In the various figures, the same parts are always provided with the same reference numerals and are therefore usually named or mentioned only once in each case.

In the 1 is a schematic drawing of a trained as a submarine watercraft 100 illustrated according to an embodiment of the invention. The watercraft 100 has a pressure body 101 on. To drive the watercraft includes 100 a wave plant 50 with a motor 51 , a drive shaft 52 and one over the drive shaft 52 powered propeller 53 , The drive shaft 52 is in a pressure bearing 2 stored, which is the transfer of the originating from the propeller axial thrust on the vessel 100 , in particular on the pressure hull 101 of the watercraft 100 , allows.

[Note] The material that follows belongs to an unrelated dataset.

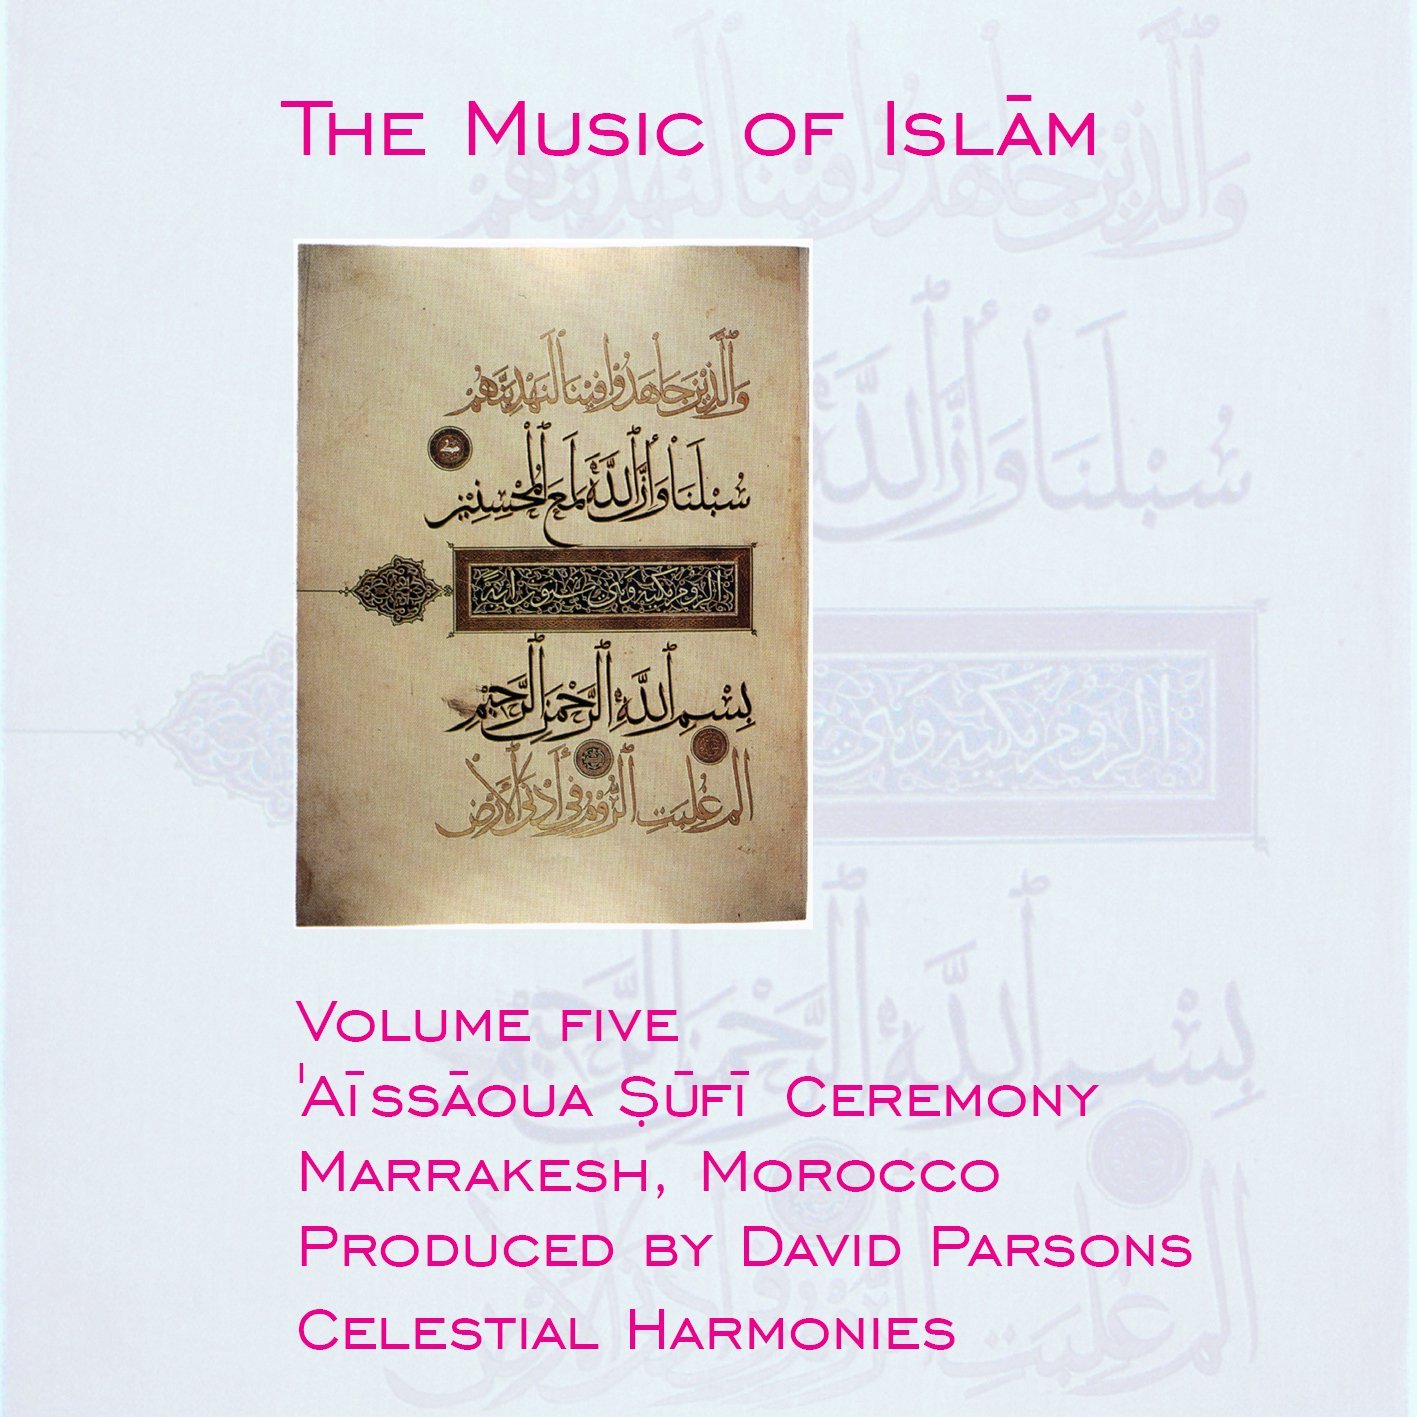 Audio Cd Music Of Islam (The): Vol. 05 - Morocco Aissaoua Sufi Ceremony, Marrakesh / Various (2 Cd) NUOVO SIGILLATO, EDIZIONE DEL 02/01/2001 SUBITO DISPONIBILE

The 2 shows part of the shaft system 50 of the watercraft 100 with the thrust bearing 2 , The thrust bearing 2 is about a fastening device 1 with one on the pressure body 101 of the watercraft 100 fixed foundation 3 connected. The foundation 3 has two sub-foundations 3.1 on. The partial foundations 3.1 are each according to Art a half-shell formed, which below the thrust bearing 2 is arranged and three adjacent walls 3.2 comprising a lower portion of the thrust bearing 2 , in particular a flange 2.1 of the thrust bearing 2 , store and surrounded on three sides.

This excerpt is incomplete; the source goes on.